Как передать Spring SecurityContext в RestAssured - PullRequest
Новая
       25

Как передать Spring SecurityContext в RestAssured

0 голосов
/ 10 мая 2018

Я пытаюсь настроить тест RestAssured для приложения Spring-Boot с защищенными контроллерами уровня метода.

Например, у меня есть этот минимальный контроллер, использующий метод уровня безопасности 


@RestController
public class DummyController {
    @GetMapping("/")
    @PreAuthorize("hasRole('TEST')") // removing this should make the test green
    public String test() {
        return "hello";
    }
}

и разрешительная конфигурация безопасности 


@Configuration
@EnableGlobalMethodSecurity(prePostEnabled = true)
public class SecurityConfig extends WebSecurityConfigurerAdapter {
    @Override
    protected void configure(HttpSecurity http) throws Exception {
        http.authorizeRequests().anyRequest().permitAll();
    }
}

Тогда этот простой тест с использованием RestAssured завершается неудачей: 

@SpringBootTest(webEnvironment = SpringBootTest.WebEnvironment.RANDOM_PORT)
@RunWith(SpringRunner.class)
public class DummyControllerITest {
    private static final Logger logger = LoggerFactory.getLogger(DummyControllerITest.class);

    @LocalServerPort
    private int port;

    @Test
    @WithMockUser(roles = "TEST")
    public void name() throws Exception {
        RestAssured.given()
                .port(port)
            .when()
                .get("/")
            .then()
                .statusCode(HttpStatus.OK.value());
    }
}

Почему этот тест не пройден, даже если фиктивный пользователь настроен на правильную роль?
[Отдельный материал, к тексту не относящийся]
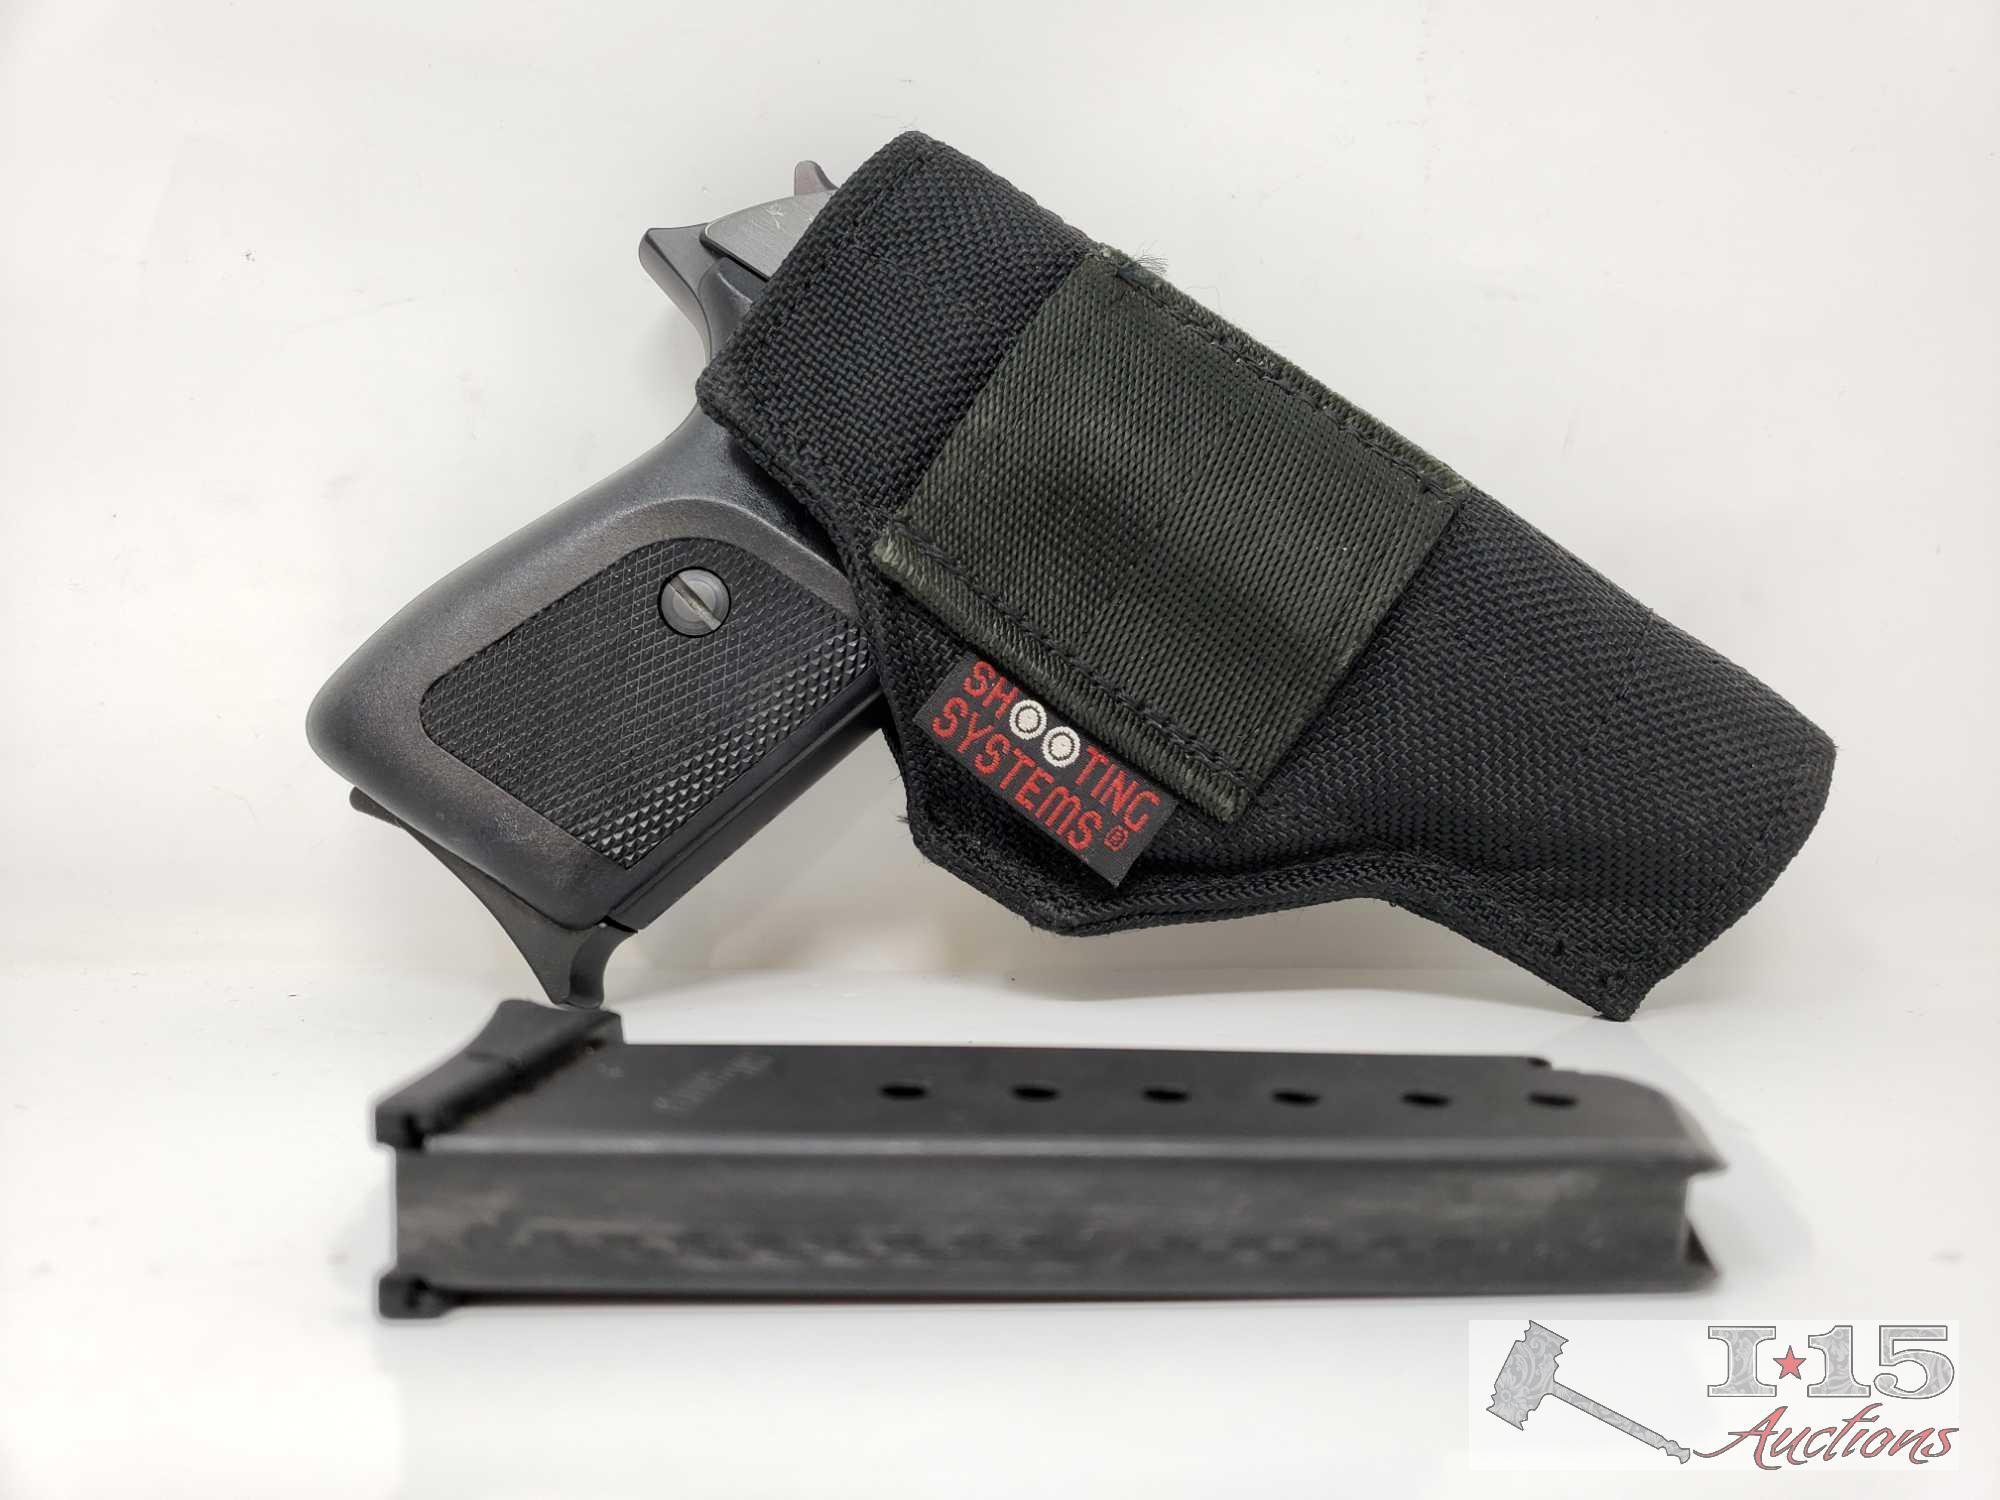 Sig Sauer P230 Semi-Auto 9mm kruz(.380 ACP) Pistol

Я отладил это, и кажется, что SecurityContext в потоке, выполняющем тест, настроен правильно, в то время как SecurityContext в потоке, обрабатывающем запрос RestAssured, не заполняется. Но ... почему?

1 Ответ

0 голосов
/ 12 мая 2018

Итак, я наконец понял, что случилось. Вот что я узнал:

Внедрение SecurityContext имеет смысл только в модульных тестах, но оригинальный тест пытается быть интеграционным тестом.

Есть два выхода:

  1. Сделайте тест надлежащим модульным тестом. Тогда вы должны использовать RestAssuredMockMvc.given() вместо RestAssured.given(). Например, 

    @SpringBootTest(webEnvironment = SpringBootTest.WebEnvironment.MOCK)
@RunWith(SpringRunner.class)
public class DummyControllerITest {
  @Autowired
  private WebApplicationContext webAppContextSetup;

  @Test
  @WithMockUser(roles = "TEST")
  public void name() throws Exception {
      RestAssuredMockMvc.webAppContextSetup(webAppContextSetup);
      RestAssuredMockMvc.given()
          .when()
              .get("/")
          .then()
              .statusCode(HttpStatus.OK.value());
      RestAssuredMockMvc.reset();
  }
}

    будет работать, но тогда это будет только юнит-тест.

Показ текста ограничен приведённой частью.